STORED DATA =>
= Beginning of Section =

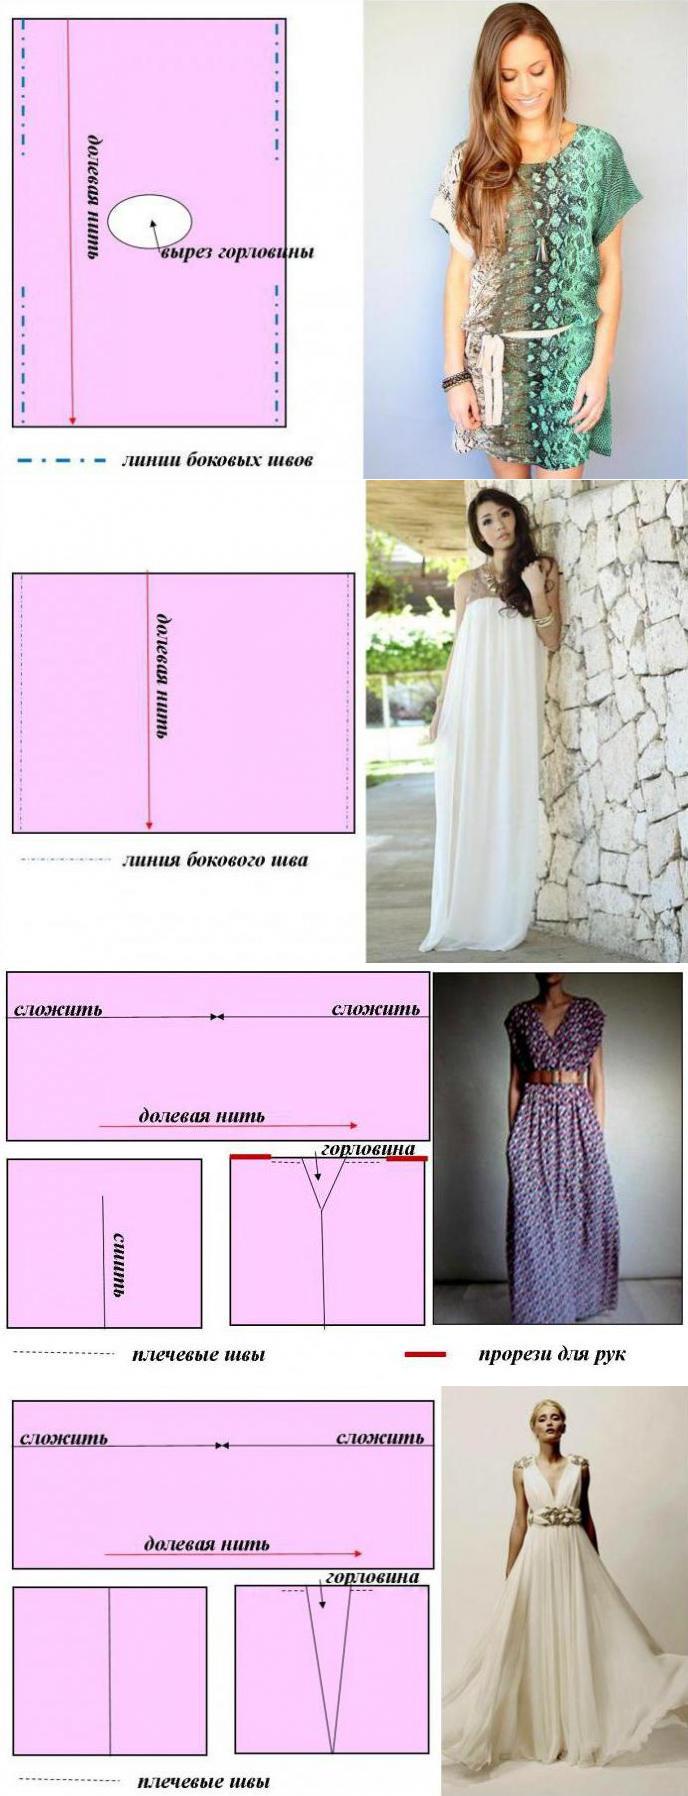 И выкройка греческого платья
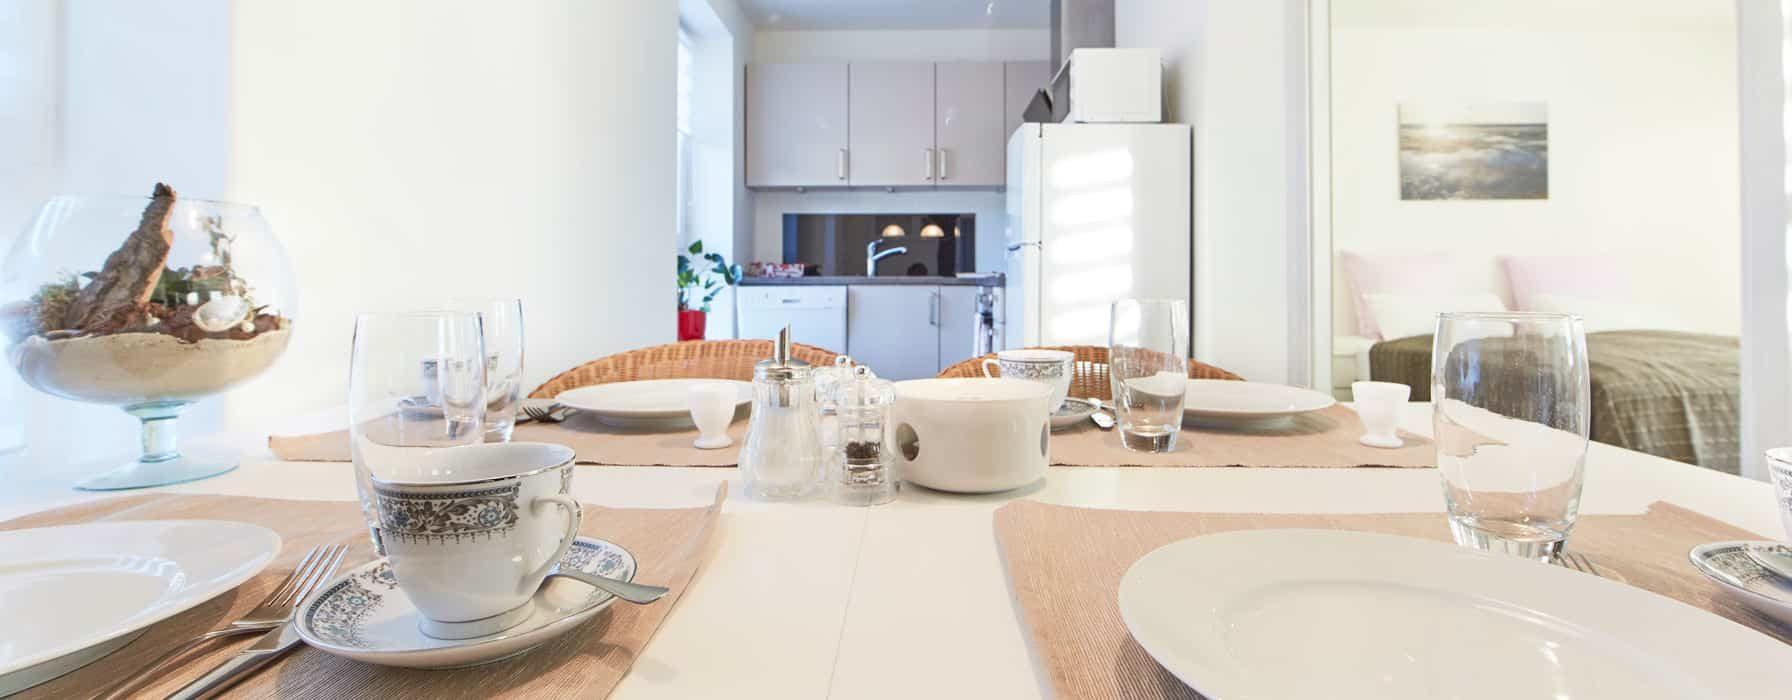 Der eingedeckte Essbereich mit Blick in die offene Küche
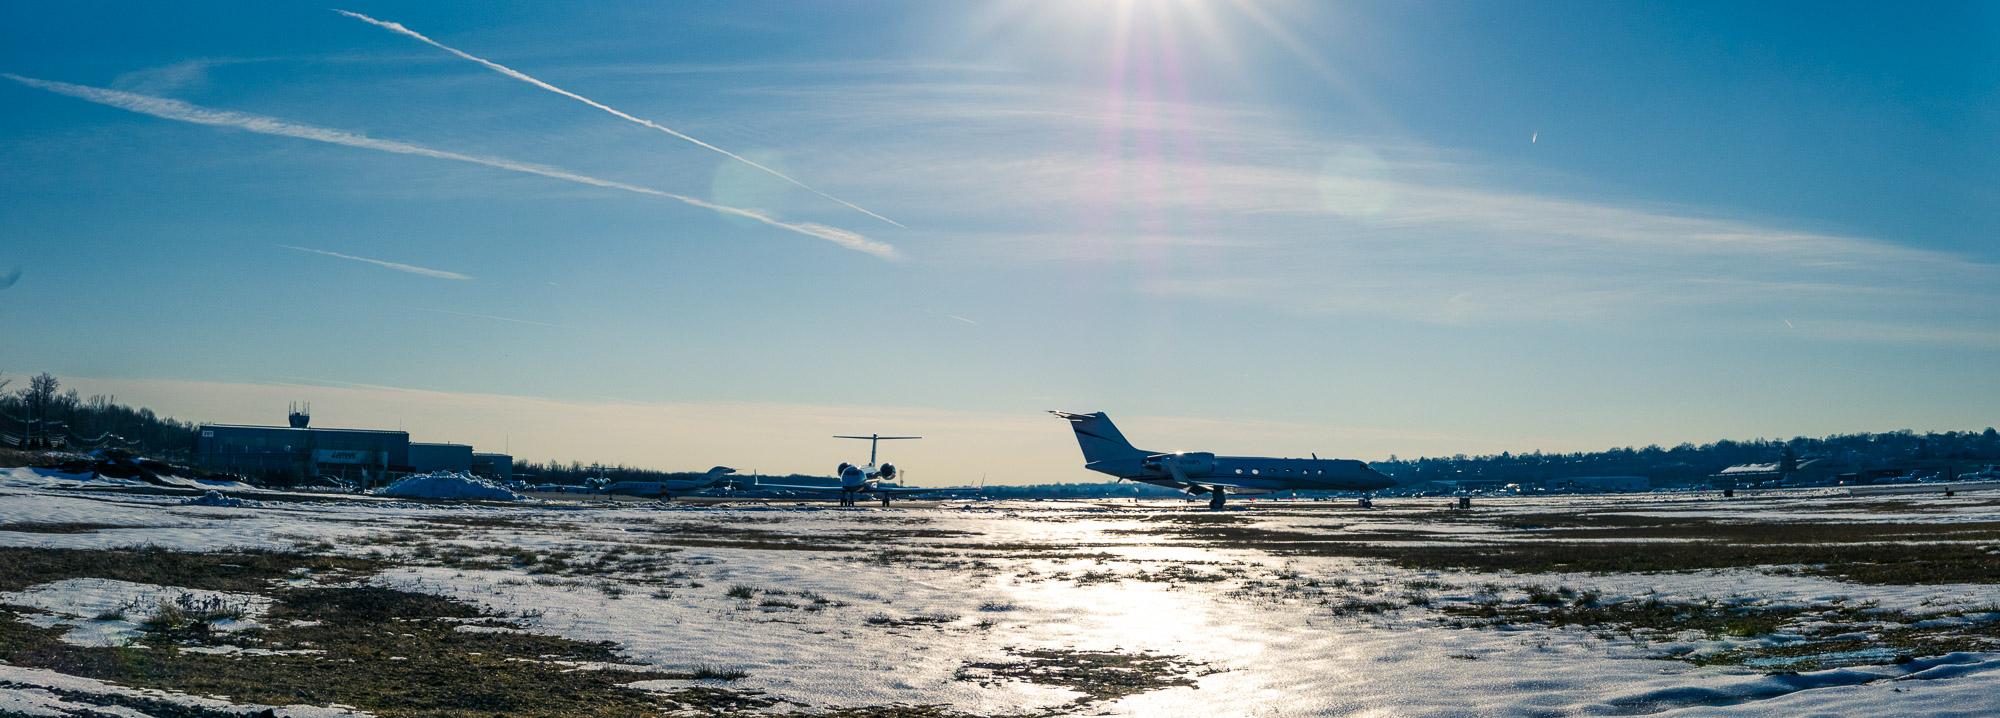 Teterboro Airport \ \ Day 2 \ \ 2/14/17

= End of Section =

Starting with the line that contains "Der eingedeckte Essbereich" and ending with the last line of the material, every line must be written out exactly; no other lines and no pictures are wanted.

 Der eingedeckte Essbereich mit Blick in die offene Küche
 Teterboro Airport \ \ Day 2 \ \ 2/14/17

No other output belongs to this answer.